The age of the facial gadget is well and truly here, and LED light therapy devices are at the head of the pack.
Madonna, Victoria Beckham and loads of other celebrities are posing on Instagram in LED light therapy masks promoting their benefits.
Once they were only to be found in the fanciest of salons, but now many beauty brands are offering light therapy devices which can be used at home.
Celebrity endorsement, alongside the lack of access to beauty salons during lockdown, has driven the increasing popularity of these hi-tech devices.
LED light therapy masks look very futuristic and just a bit creepy; many of them also come with a pretty hefty price-tag!
The question is how do they actually work, are they safe and is it worth investing in a home device?
How do light therapy devices work?
LED Light Therapy is a non-invasive treatment which has been around for more than 30 years.
The devices omit coloured wavelengths of visible light (from around 400–700 nanometers on the electromagnetic spectrum) onto the skin. They don’t omit damaging ultraviolet wavelengths.
Different wavelengths of light penetrate the skin and each colour has a specific skin benefit. These range from reducing the appearance of fine lines, wrinkles and age spots to helping treat acne.
The most common wavelengths of light used for skin therapies are red, blue and green.
Red light penetrates deep into the skin and is thought to work by increasing the activity of mitochondria in the cells of the dermis of the skin.
Mitochondria are the parts of the cell which release energy. With more energy, skin cells can function more efficiently and regenerate more quickly. This means that tissues repair more quickly. In fact one of the first uses of red light therapy was to speed up wound healing.
Research has shown that treatment with red light can increase collagen production in skin cells. This protein makes your skin look smoother and plumper. We produce less of it as we age, so light therapy could give the skin a very welcome boost of collagen.
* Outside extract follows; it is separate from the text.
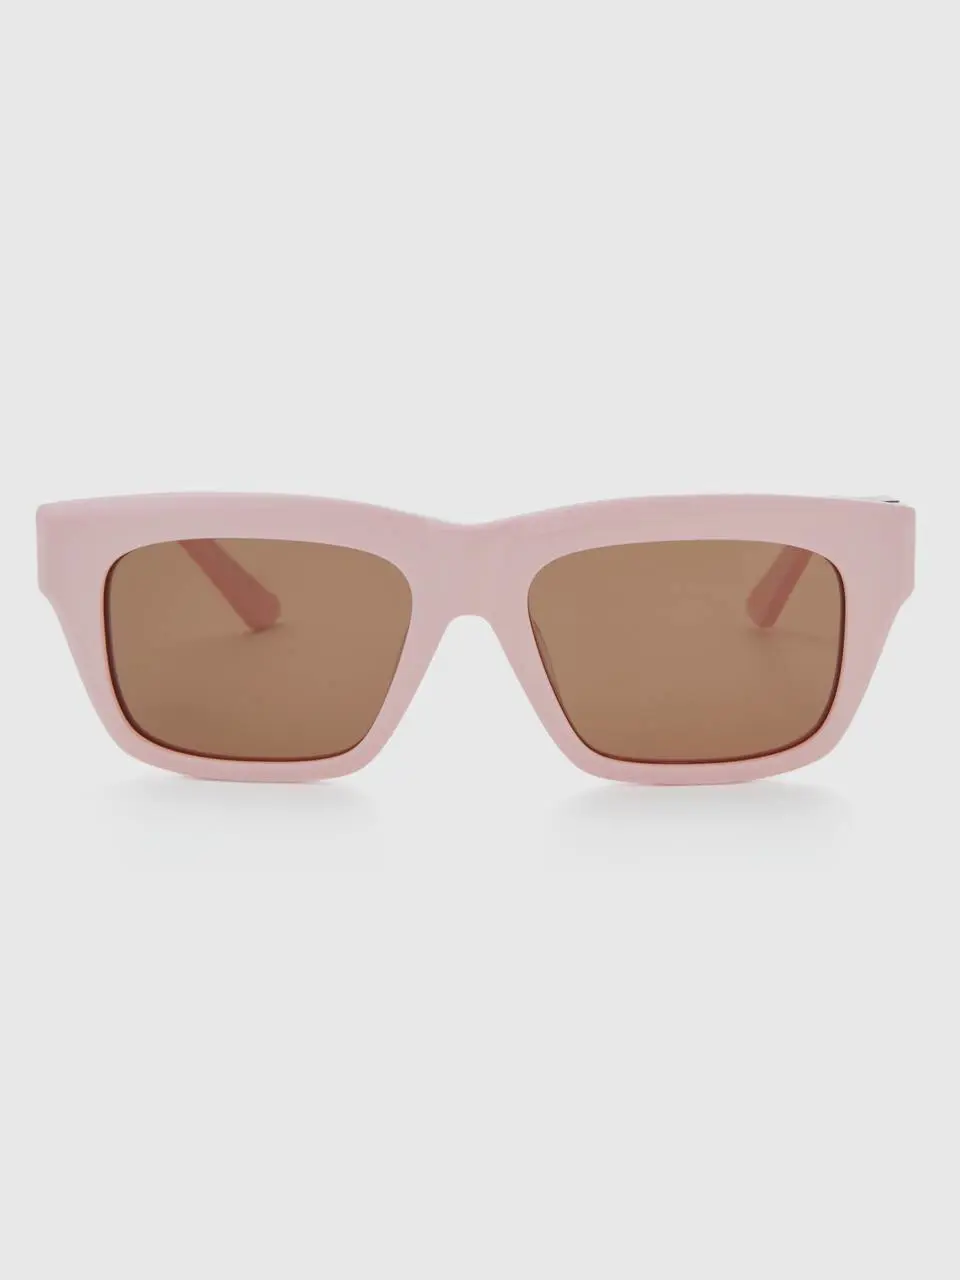 Benetton pink rectangular sunglasses. 1

Other studies have shown that red light can reduce the appearance of wrinkles. It is also thought to improve circulation and reduce inflammation which could make it a useful treatment for both eczema and psoriasis.
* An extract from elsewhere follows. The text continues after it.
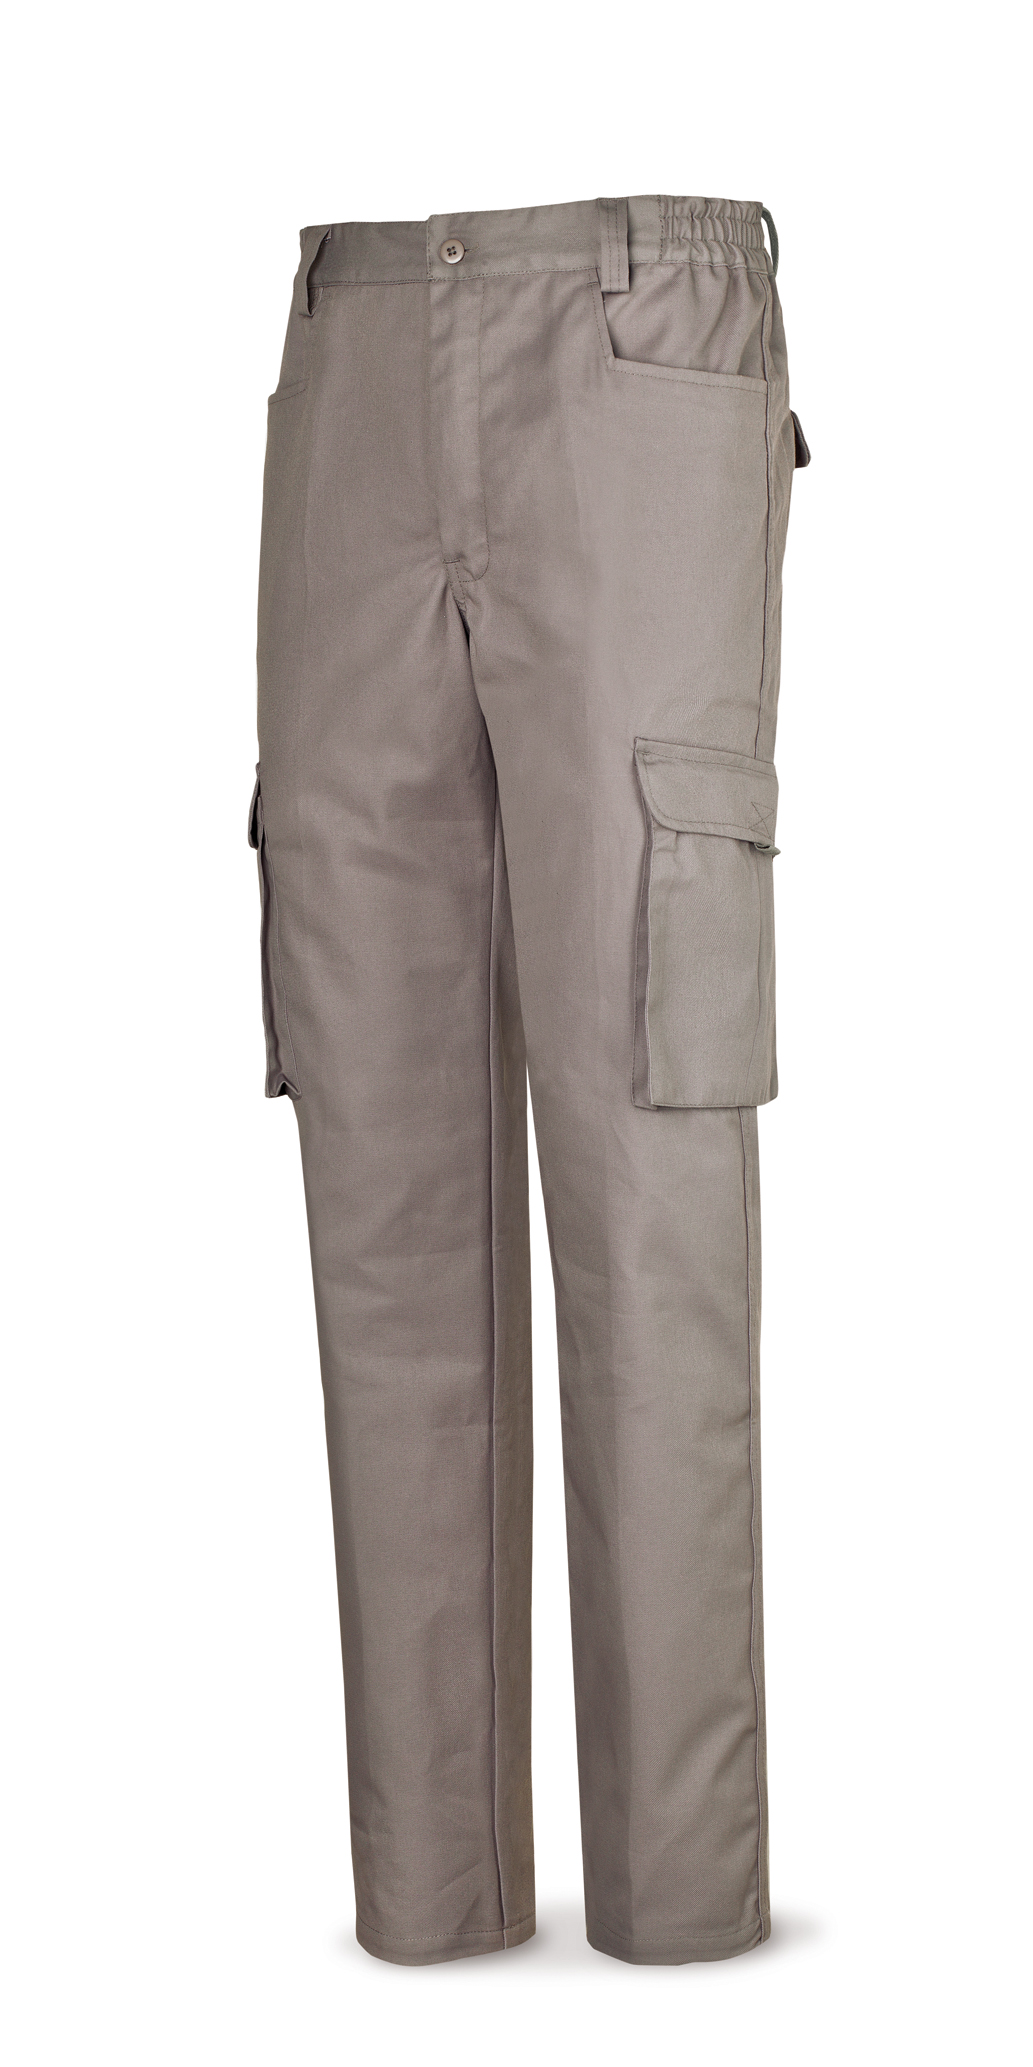 488-PTOPG Workwear Top Series 245 g cotton gray pants. Multi-pocket

More research is needed, but there’s some evidence to suggest that red light therapy benefits the skin
Blue light doesn’t penetrate the skin as deeply as red light. It targets the sebaceous glands on the skins surface, making them less active.
These glands produce the oil which lubricates your skin and prevents it drying out. They tend to be overactive in people with acne and oily skin conditions, so less active sebaceous glands should mean fewer acne breakouts. There is some research which supports this conclusion, although the clinical studies that have been done so far have been relatively small and of short duration.
Blue light also kills bacteria on the skin surface, particularly those that cause acne. Research has shown that blue light devices are an effective way to reduce inflamed lesions from facial acne. Another study showed that acne was reduced after 8 treatments over a 4-week period with an at-home light treatment device.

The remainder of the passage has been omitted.